We’ll need to use **idxmin()** with the ** axis** parameter. When you set the

**to**

`axis`

**,**

`'columns'`

**idxmin()**finds the

**index of minimum value across columns**.

Thus, the below code will return the agent (**column index**) with minimum sales for each day (**row**):

```
# Index of the minimum values across columns
agent_sales.idxmin(axis='columns')
```

```
Days
Sunday Ava
Monday Maya
Tuesday Maya
Wednesday Ava
Thursday Priya
Friday Maya
Saturday Ava
dtype: object
```

We can perform similar operations to get the index of the maximum values.

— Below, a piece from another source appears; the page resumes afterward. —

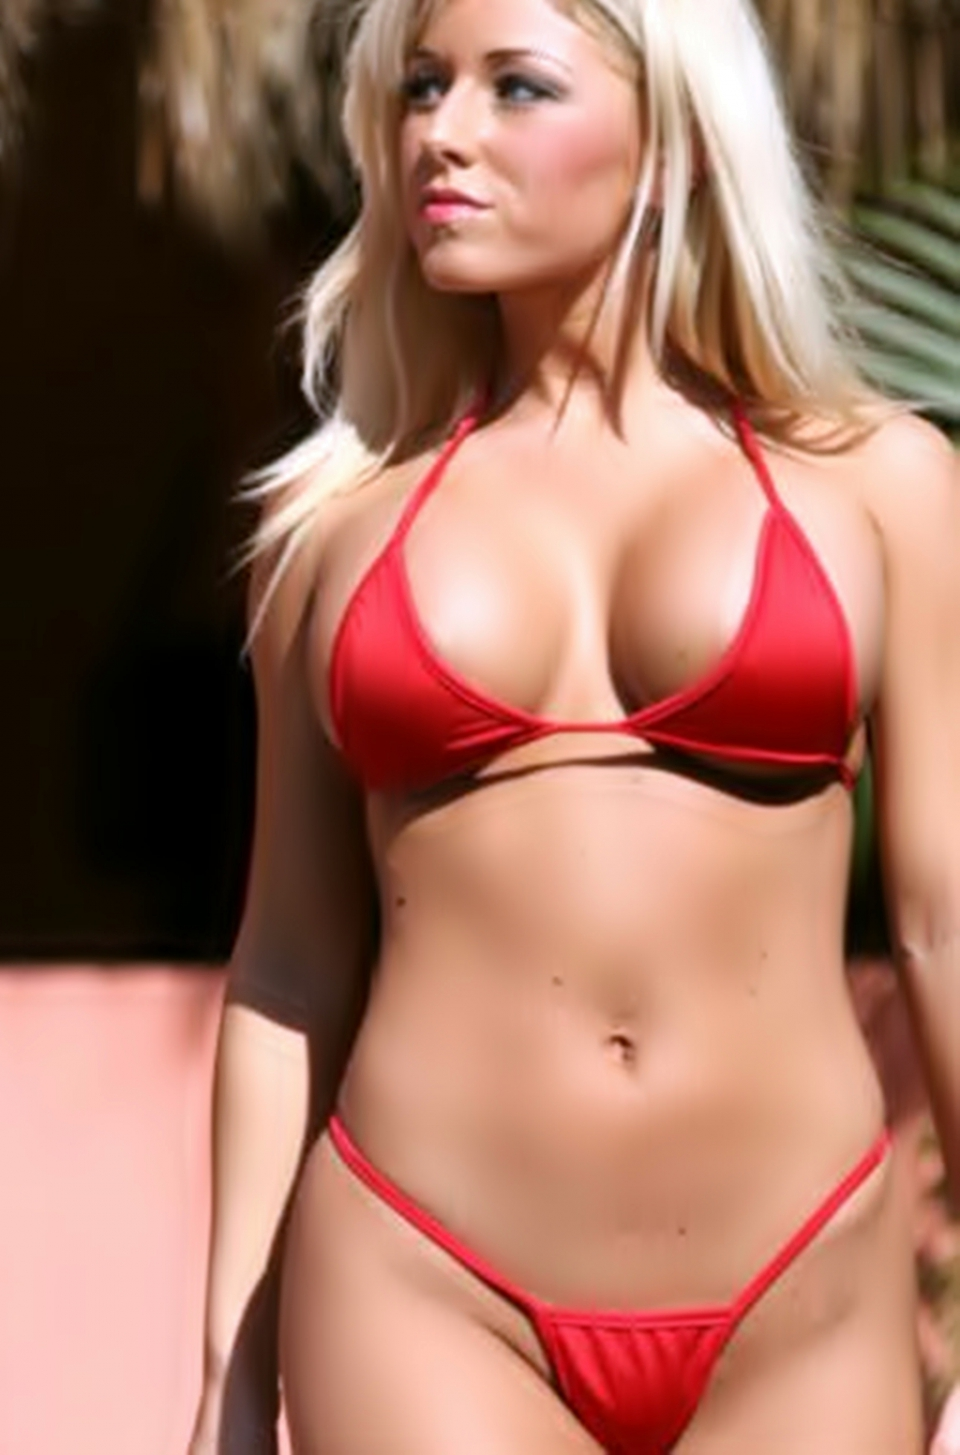 Wicked weasel bikini see through - Justimg.com

The default **idxmax()** call returns the **index of the maximum value across rows**. Thus below code finds the day (**row index**) of the maximum sales for each agent (**column**):

```
# DataFrame idxmax() call
# Find the index of the maximum value across rows
agent_sales.idxmax()
```

```
Ava Friday
Maya Sunday
Priya Saturday
dtype: object
```

When you set the ** axis** parameter to

**,**

`'columns'`

**idxmax()**finds the

**index of maximum value across columns**.

Thus it returns the **agent** (column index) with the maximum sales for each **day** (row index):

`agent_sales.idxmax(axis='columns')`

```
Days
Sunday Maya
Monday Ava
Tuesday Priya
Wednesday Maya
Thursday Maya
Friday Ava
Saturday Priya
dtype: object
```

## Summary

This quick tutorial showed you how to use pandas methods - **idxmin()** and **idxmax()**.

You can use them to get the index of the minimum or maximum value of a pandas **Series**.

Things get interesting with **DataFrames**. The **idxmin()** and **idxmax()** methods allow you to work across the **row** or **column** index. You can use the parameter ** axis** to control that behavior.

The tutorial included plenty of examples. So you should feel confident using these methods on your own.